Le rôle est un contenant, un système de règles dont la conscience morale est évanouie . Notre société est société du Spectacle, vue comme chatoiement ; et une société tyrannique, analysée comme matrice de possibles . Et le couple, en tant que spectacle, cache des aspects de la personnalité qui ne demandent parfois qu'a rejaillir . Mais cacher n'est pas intégrer, c'est mettre de côté pour préserver les fonctions correctes de la personne, c'est à dire de maintenir la personne fonctionnelle à la société humaine, en soi bonne, mais négative dans la perspective de l'ascèse illuminative .

Dans cette dernière perspective l'accomplissement d'un homme est de devenir ce qu'il est en puissance, dépassement de l'homme, et donc de la société humaine concrète du présent cycle . Pour cela il doit abandonner ce qui ne lui est rien, et aller vers son Orient, dans une œuvre de déterminations et d'indétermination entrelacées, une œuvre d'amplitude et d'exaltation . Ce qui est détermination, et indétermination, élévation et abaissement, est nommé d'ailleurs d'après une perspective, et l'une passe en l'autre par le passage de perspectives . L'Orient de l'homme est en puissance dans la totalité de son être, comme la statue dans la pierre ; et si des aspects essentiels de son être sont occultés par le rôle, comme son aspect féminin par son rôle masculin, ou réciproquement, et sa puissance de soumission par son rôle de dominant, comme cela est fréquemment manifesté dans des perversions, alors il ne peut commencer aucune œuvre .
Connais toi-toi-même, disait l'antique sagesse . Le service de l'Orient, que Marc-Aurèle appelle, en traduction, le principe directeur, est l'enquête en direction du plus profond . C'est à ce principe directeur que doivent aller nos soins . Or, le fait d'être contenu par un rôle ne peut diriger vers l'accomplissement .

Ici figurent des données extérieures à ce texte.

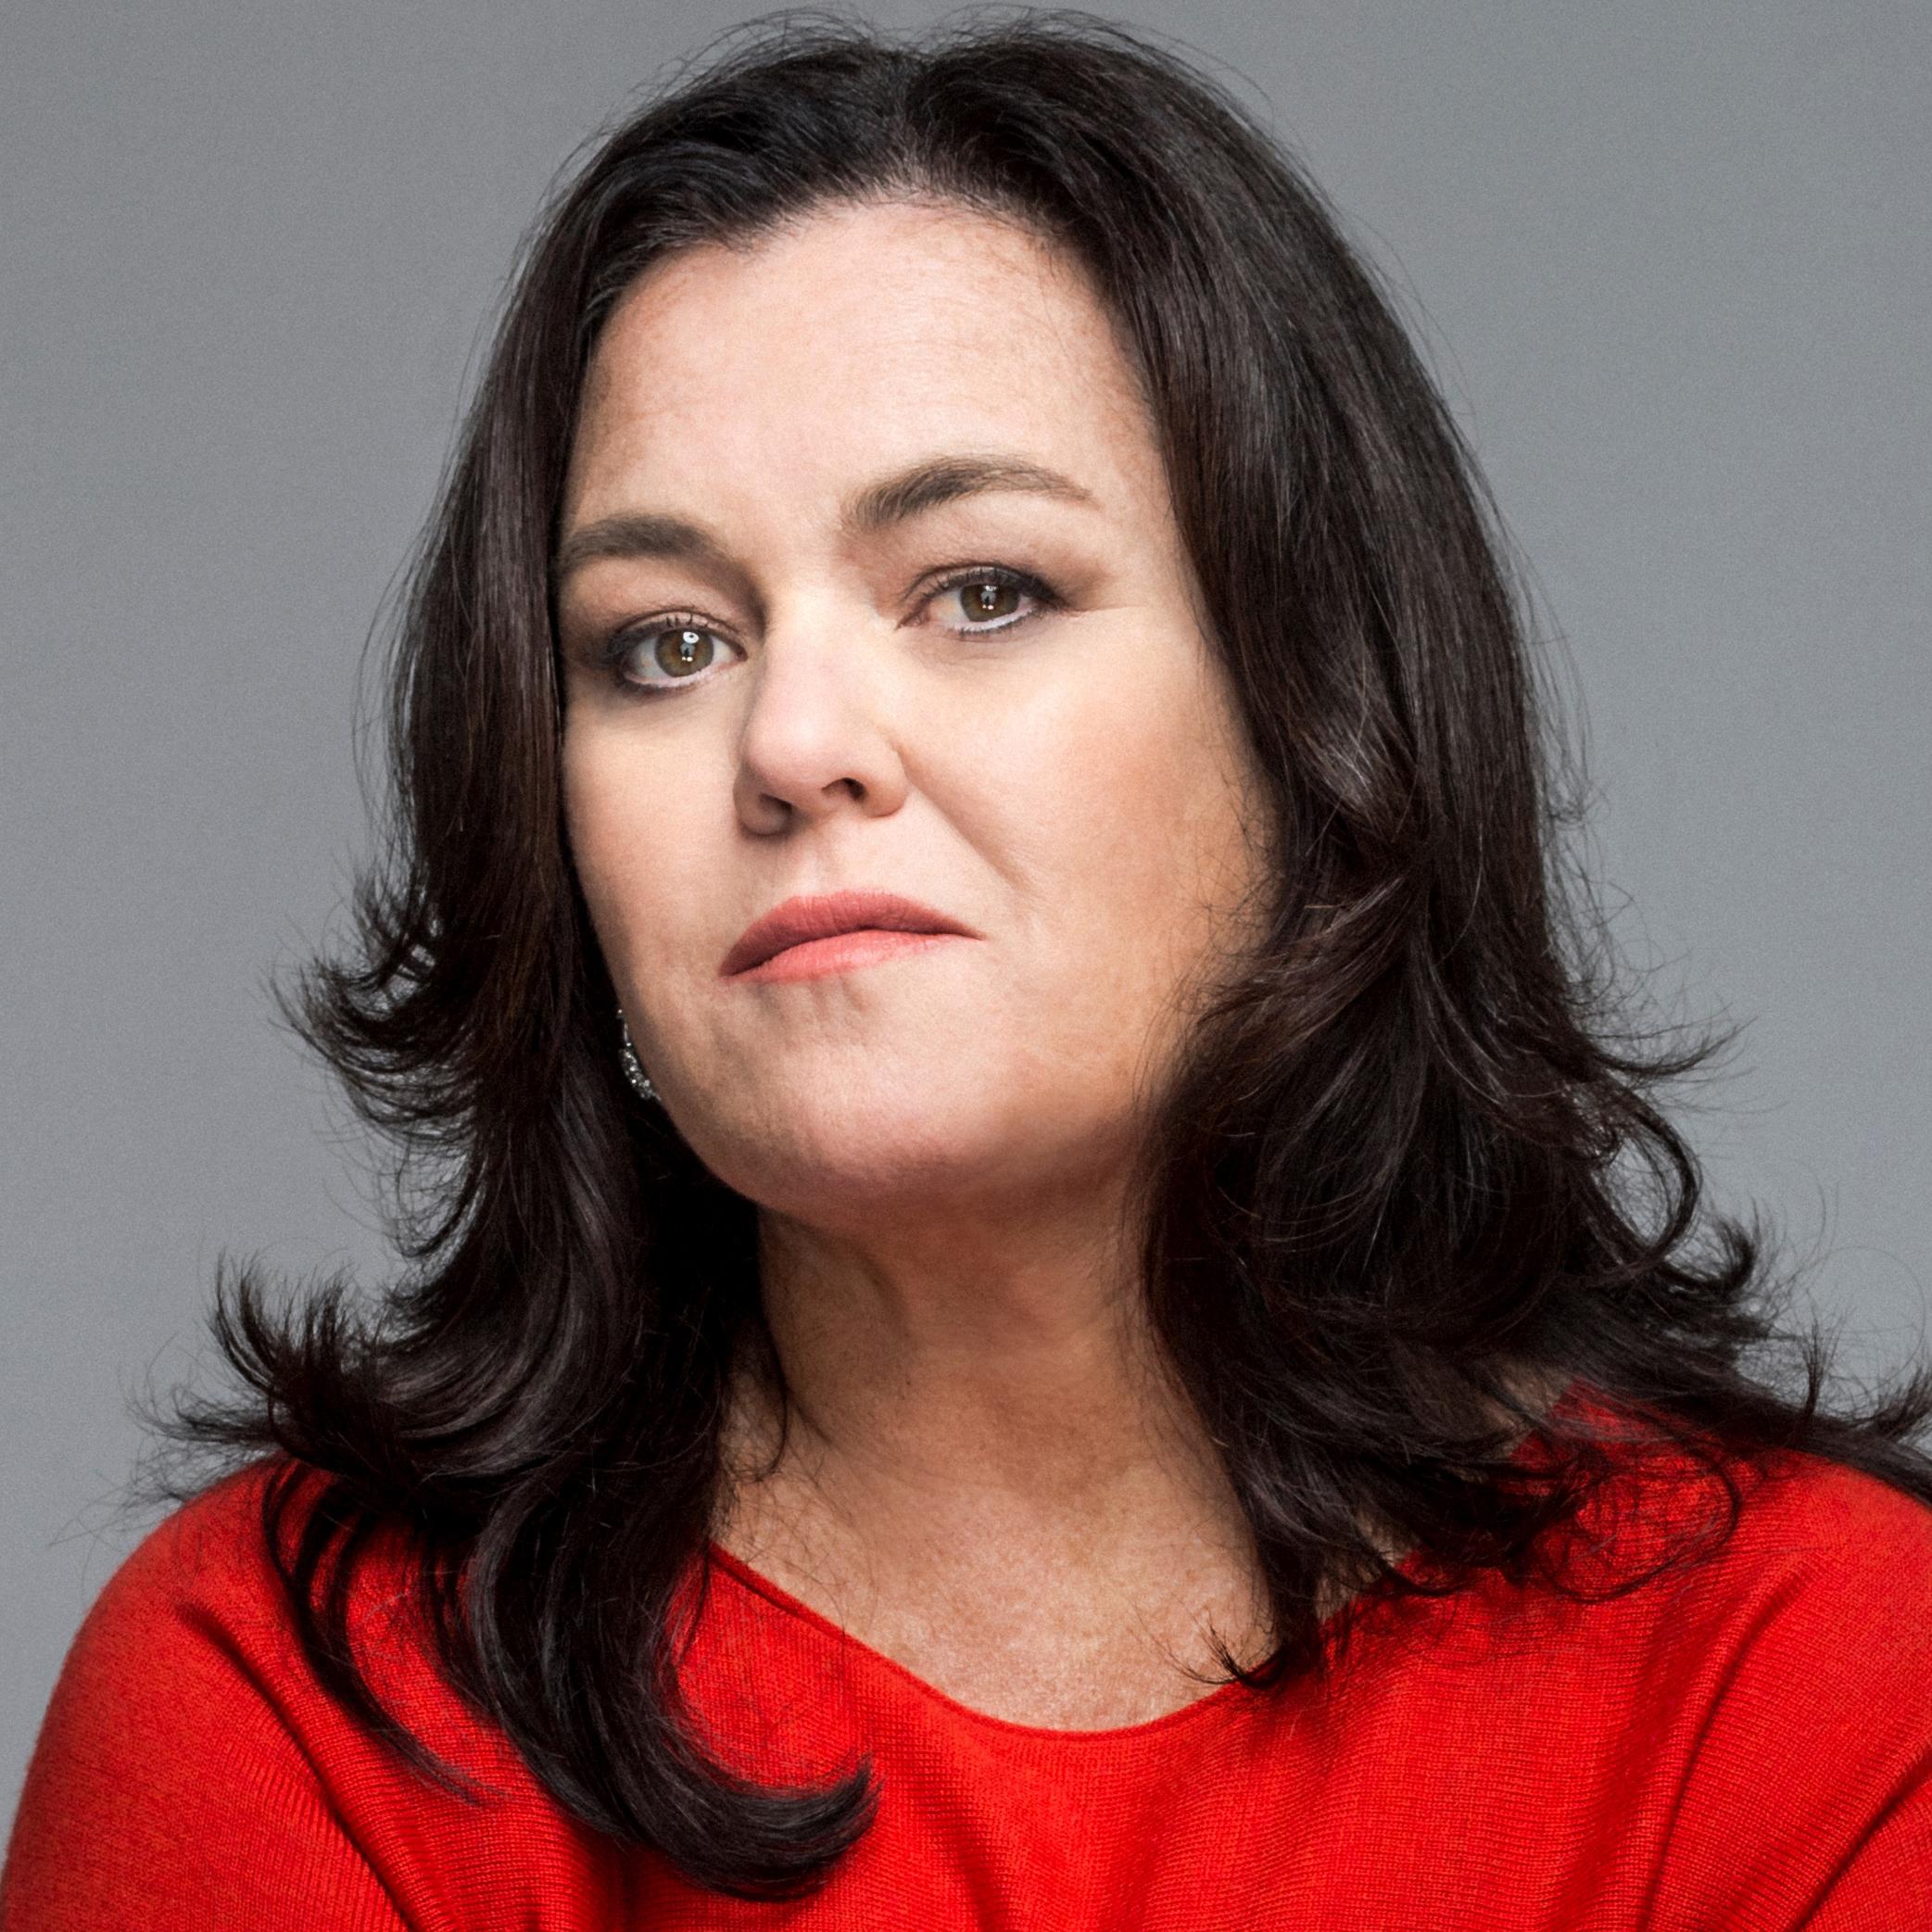 Rosie O'Donnell Headshot.jpg

L'accomplissement passe par la reconnaissance intime de ce fait : en voyant St Michel terrasser le Dragon, je ne suis pas St Michel, je ne suis pas le Dragon . Je suis leur combat et leur déchirement . Je ne suis pas étranger au pire bourreau, qui me permet de me valoriser et de porter haut MA moralité ; le pire bourreau est mon frère . Je ne suis pas étranger à la victime, à ce garçon terrorisé du Ghetto, qui pourrait me faire apprécier MA supériorité et MON courage, comme le montre l'abject sourire infime de bien nourri du soldat qui tient son fusil ; je suis aussi porteur de la terreur, de sa terreur . Terreur et cruauté se lovent en moi, et se tordent en moi comme la murène parmi mes tripes . Terreur et cruauté sont des reflets du regards des ténèbres sur le lac d'où s'élève le château de l'âme . Reflets, mais aussi puissance, ce que désigne l'image de la Dame du lac, occultée sous les eaux, et gardienne de l'Épée, c'est à dire des puissances du Règne qui vient . Terreur et cruauté peuvent passer en puissance d'élévation, si je m'abaisse devant Toi en les reconnaissant en moi, en devenant ainsi réceptacle des eaux célestes, celles qui abreuvent l'homme noble .

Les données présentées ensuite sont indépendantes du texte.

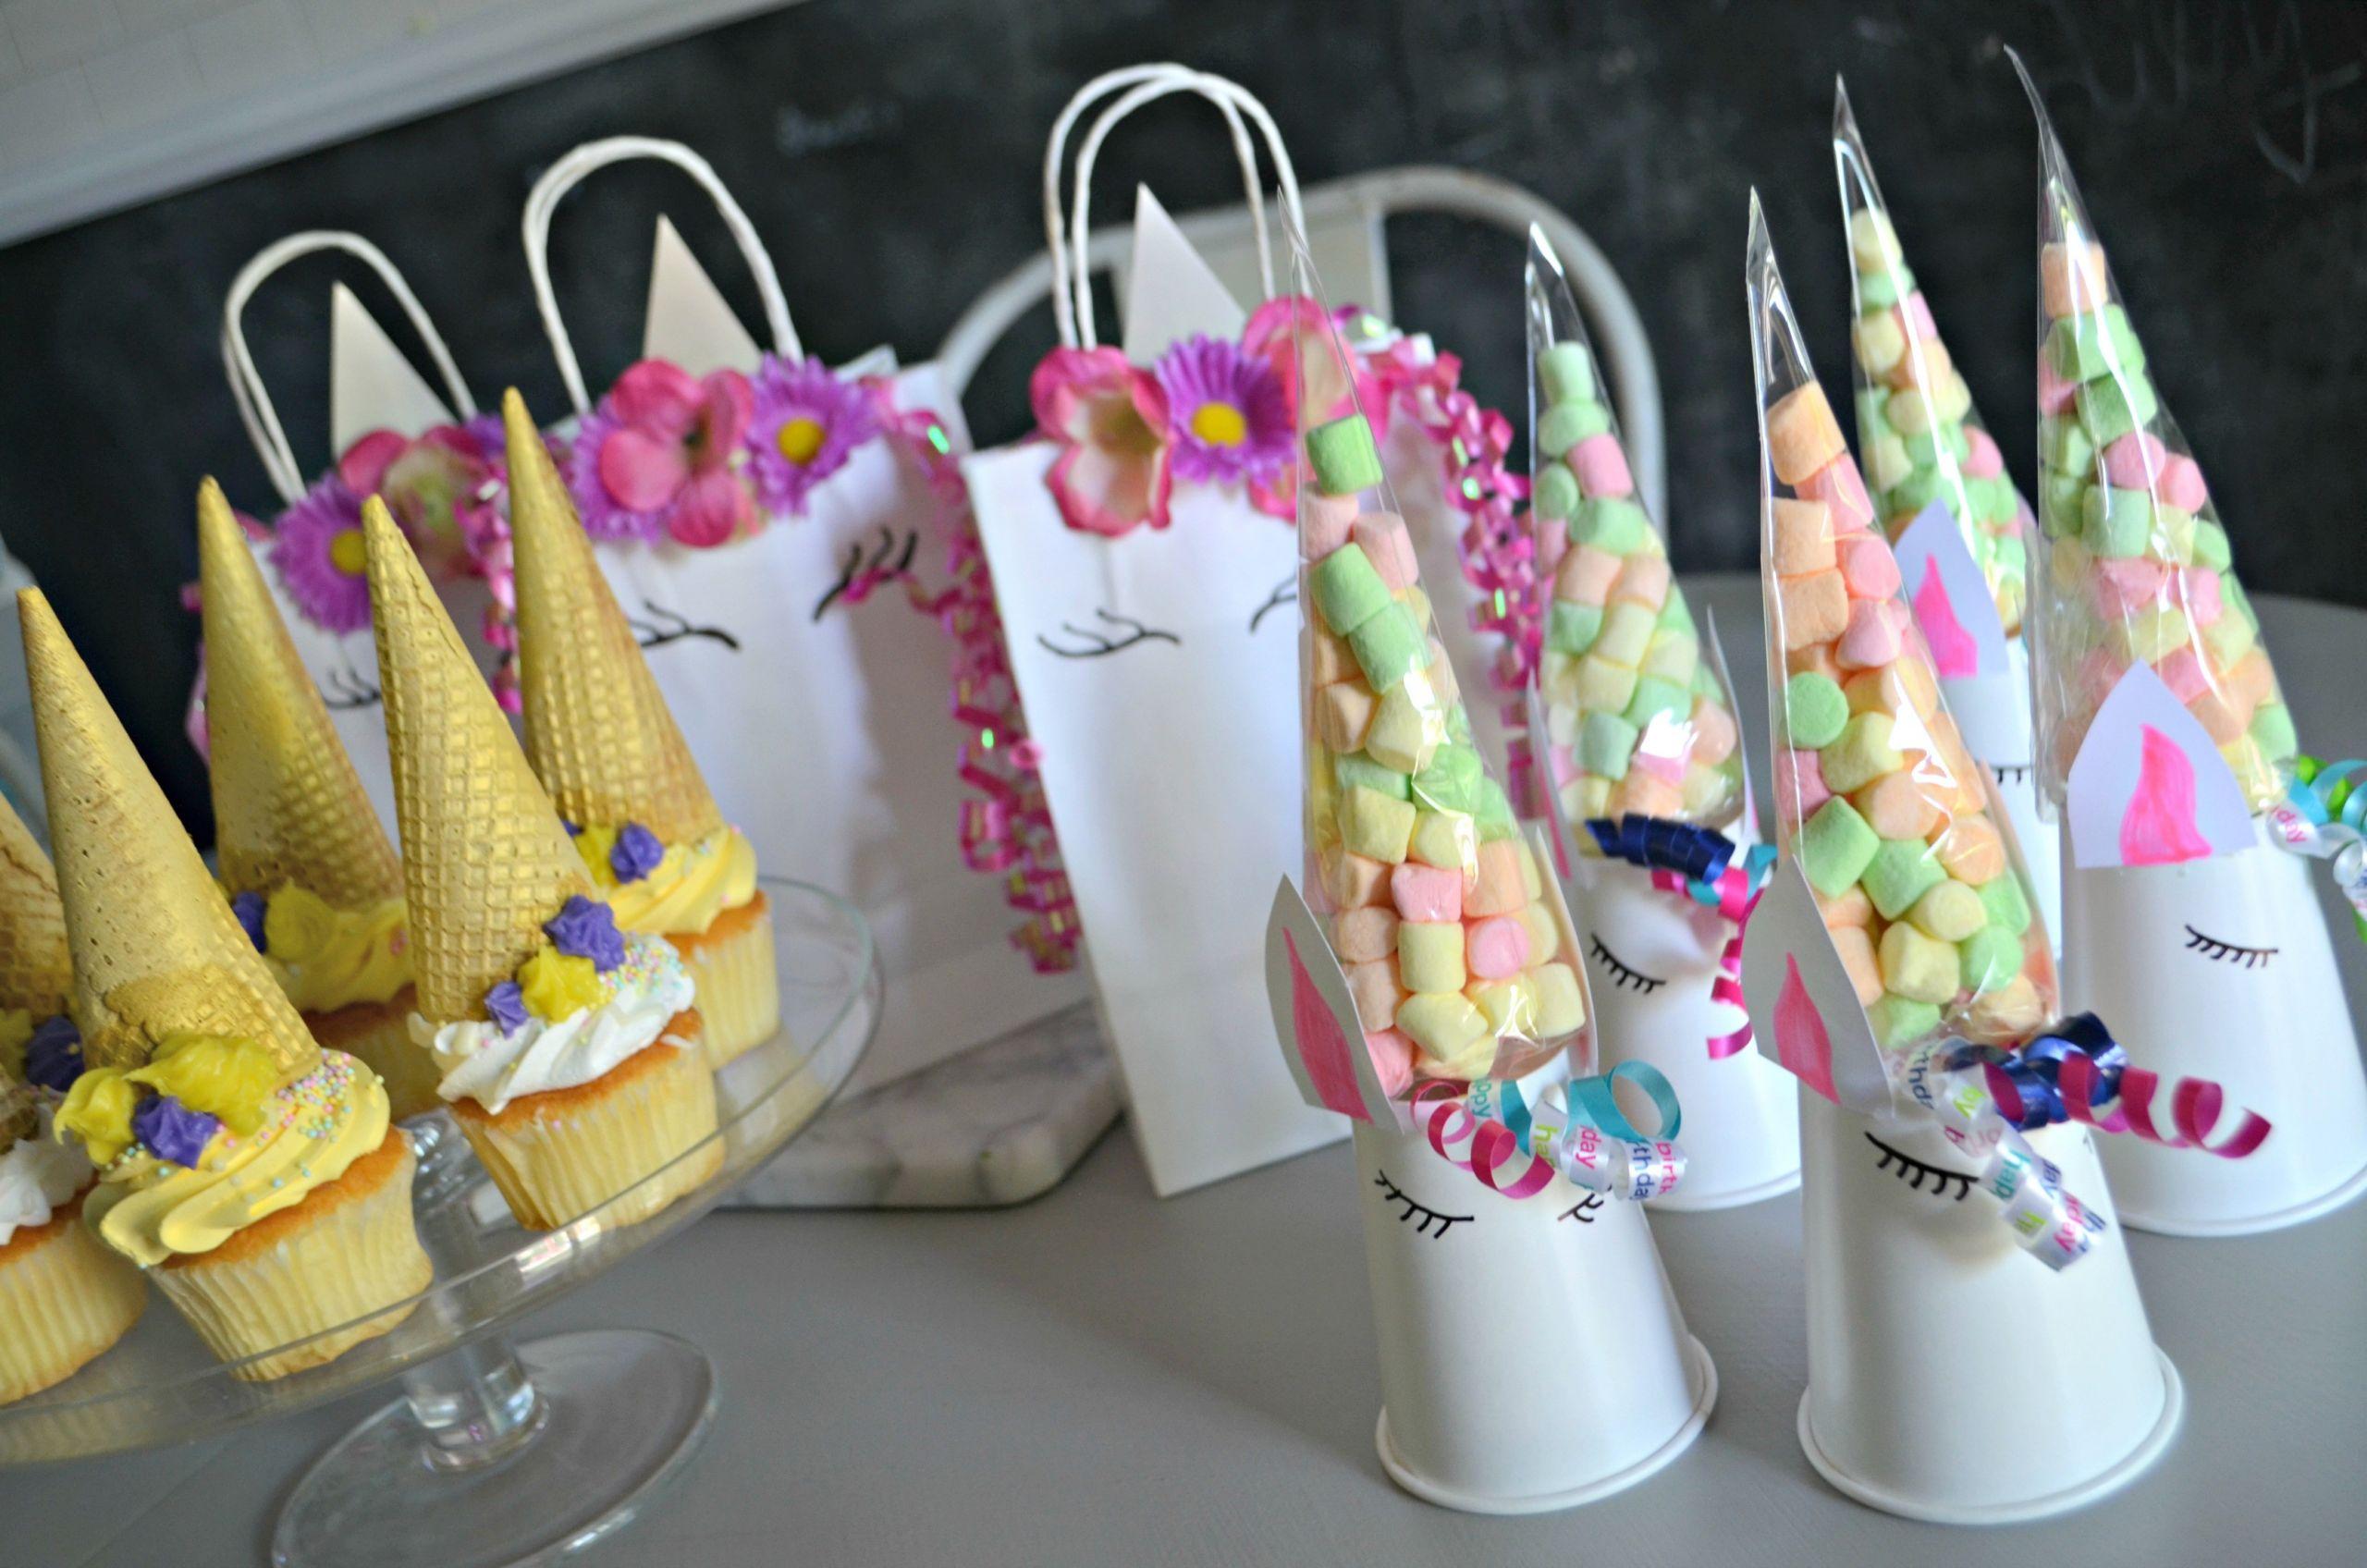 Diy Unicorn Birthday Party Ideas  Make These 3 Frugal Cute and Easy DIY Unicorn Birthday

C'est en creusant vers le nu de mon fond, vers les racines des ténèbres, que je trouve la force de m'élever, comme l'arbre, ou plutôt comme lierre sur le tronc des âmes du passé . Mais pour cela je dois voir le spectacle pour ce qu'il est : un spectacle . Voyant le spectacle pour ce qu'il est, je peux en jouïr . Et partager, et pleurer sur la tragédie . Mais avec la distance infime qui fait que l'on sait que le rideau va tomber, qu'il faudra dire comme Auguste : la pièce est jouée ! Cette étrangeté est le sentiment d'étrangeté du Gnostique . Tel est le savoir du spectacle comme spectacle . Ce que les hommes, ce que nous jugeons le plus important, notre vie, nos biens, notre respectabilité, ce que Don Diego dans le Cid juge vital, son pauvre honneur, cela est vanité et poursuite du vent . Nous avons du mal aujourd'hui à le comprendre . Cela, de la noblesse, de l'héroïsme ? Que pèsera son honneur une fois son corps reposant dans la poussière ? Et qui en aura cure ? Ignace de Loyola, dans son autobiographie, montre justement que le renoncement à ces envies de tuer furent déterminants pour découvrir un héroïsme plus grand .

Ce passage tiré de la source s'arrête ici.